Bianca Torres won’t tell her five-year old son where his father, Edgar Morin really is.

“We don’t want him to know anything yet,” Bianca said. “We told him, ‘daddy is gonna work far away. Don’t worry about it-just behave’.”

Right now, she can only hope that far away does not mean back in Ecuador, where he was born. He’s at an Immigration Customs Enforcement, (ICE) detention center in Greenfield, Massachusetts-where he’s been since January 30 of this year. Meanwhile Bianca is trying to make ends meet in his absence. She puts on a brave face for their son, all while dealing with the anxiety the situation is bringing her on a daily, hourly, minute by minute basis.

“I’ve been stressed, depressed-all I’ve been doing is crying,” Bianca said. “Right now my son is keeping me strong. I can’t let myself fall, because my son needs me.”

It all started on June 28, 2011. Bianca was driving Edgar’s car in East Haven when she got into an accident. East Haven police got to the scene, and Edgar arrived after she had been taken away in an ambulance.

What happens next is where accounts differ. Edgar told Bianca that East Haven Police Officer Dennis Spaulding denied his request to remove his tool box-for his job as a construction worker-from the car. When Edgar attempted to get into the car anyway, he was allegedly grabbed by the Spaulding and thrown to the ground.

But police gave a different version-Edgar was accused of assaulting an officer, Bianca said.

An article in The New Haven Register detailed Spaulding’s allegations, which claimed that Edgar jumped onto the back of the tow truck that was taking the car away for inspection, and refused to step off.

Regardless of what really happened, deciding that at trial carried the potential for Edgar to go to prison for as long as 10 years. Naturally, he opted not to take chances and accepted a plea bargain that would only slap him with probation-or so he thought.

“He was probably gonna lose the case and get 10 years in jail if he kept fighting,” Bianca said. “We have our kid, so obviously he didn’t wanna face 10 years in jail.”

Here’s the problem: Edgar’s guilty plea pinned him with an aggravated felony, which, under immigration law, means deportation.

“You have to be deported, and you have to be held in detention,” said Elliot Friedman, a Yale School of Law Student who is assisting the New Haven Public Defender’s Office on Edgar’s case. “Basically the only thing we can do in this case is get the charge reduced to something that wouldn’t be an aggravated felony.”

John Lugo is an organizer with Unidad Latina en Accion, (ULA) a New Have-based worker and immigrants’ rights advocacy group. They, are also assisting Edgar and his family.

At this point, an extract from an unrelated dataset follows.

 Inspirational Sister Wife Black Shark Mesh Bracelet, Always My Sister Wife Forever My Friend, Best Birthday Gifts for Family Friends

“Is that justice?” Lugo said at one of ULA’s meetings at the People’s Center on Howe Street. “No, because you never had the right to prove you were innocent. The system is designed to prevent people from proving their innocence.”

Edgar might have not so easily taken the plea deal if he had known that it would result in deportation, Bianca said.

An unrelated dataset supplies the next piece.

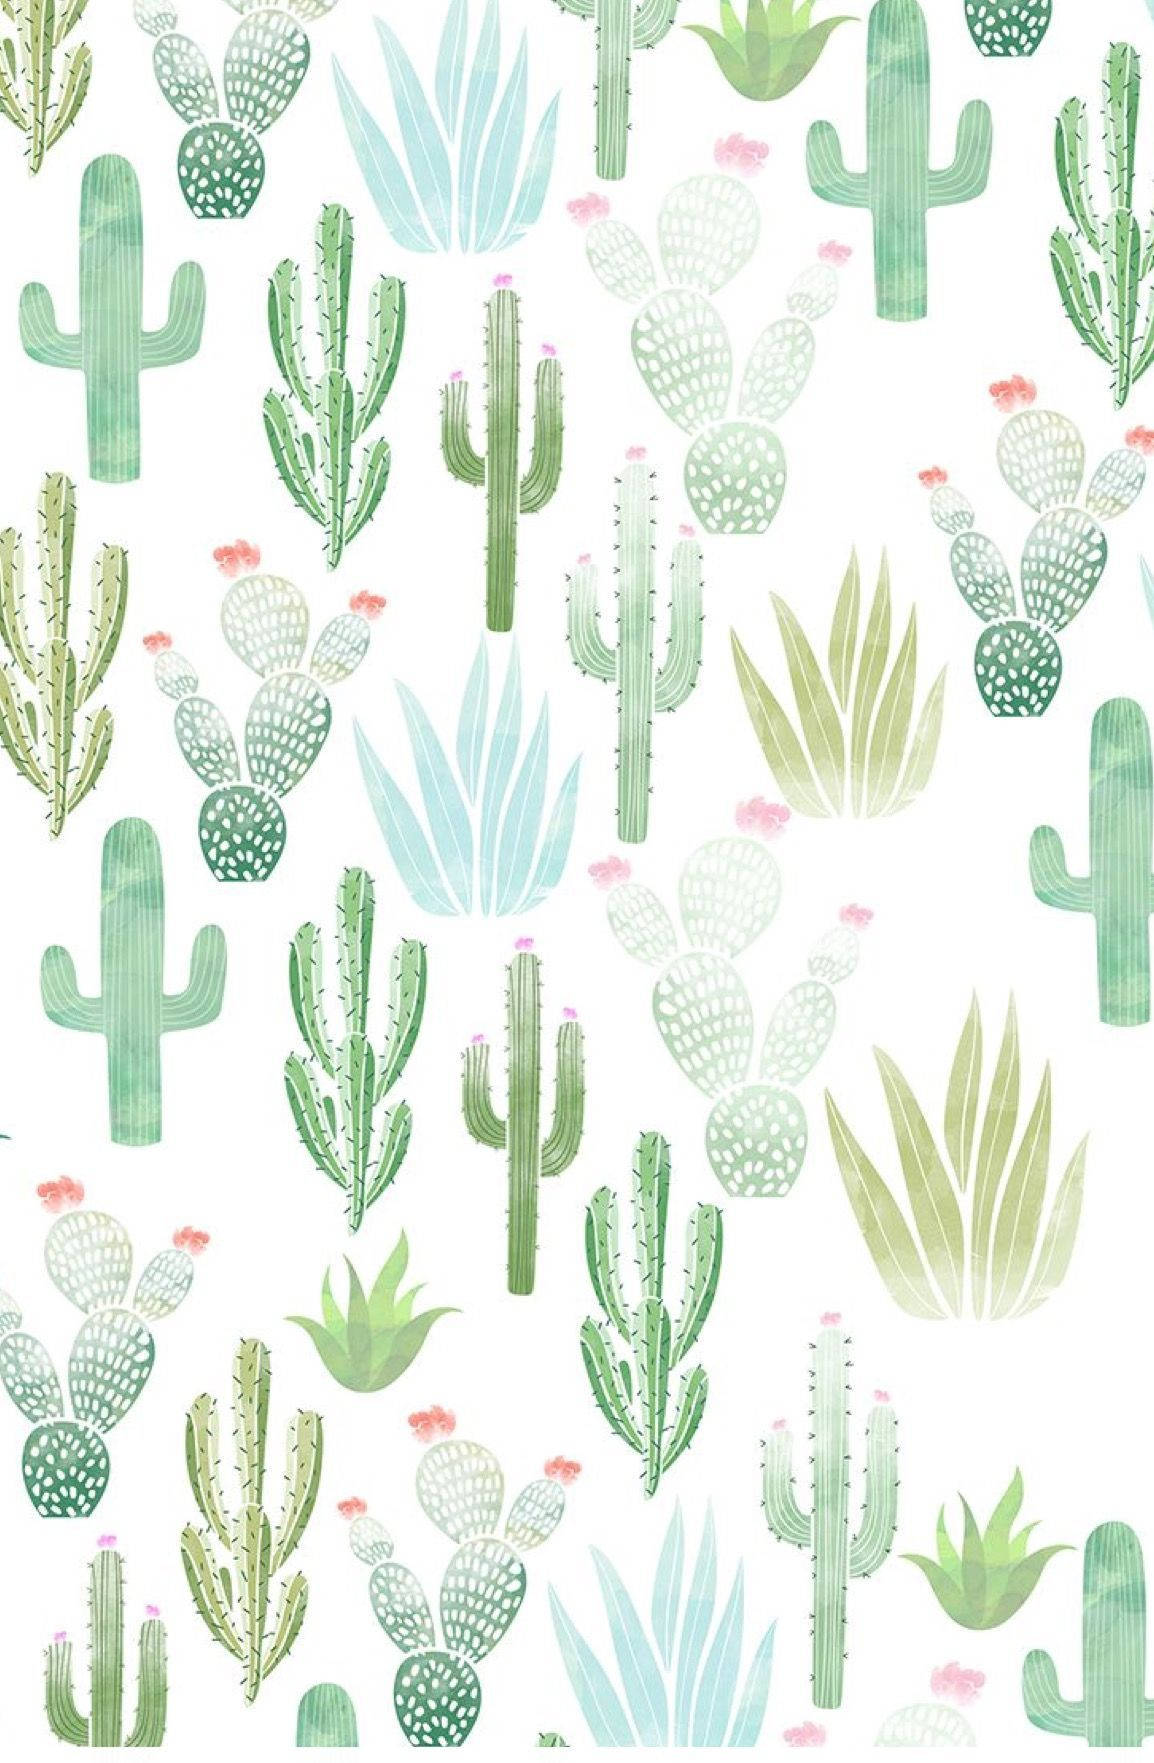 Pastel Cactus Patter Design Mobile Wallpaper

“We never got that explanation, that if he pled guilty, he would get deported,” she said. All they said is if you plead guilty, you get two years’ probation.”

Ed McCarthy is a 2012 Yale School of Law graduate working in New York. While in New Haven, he spent a year in the Public Defender’s Office advising attorney’s on the very immigration law details that he says commonly fall through the cracks in criminal proceedings.

“It’s definitely a major problem,” McCarthy said. “Historically, defense attorneys were trained to learn about criminal defense. More and more it’s become that there are collateral consequences that need to be accounted for.”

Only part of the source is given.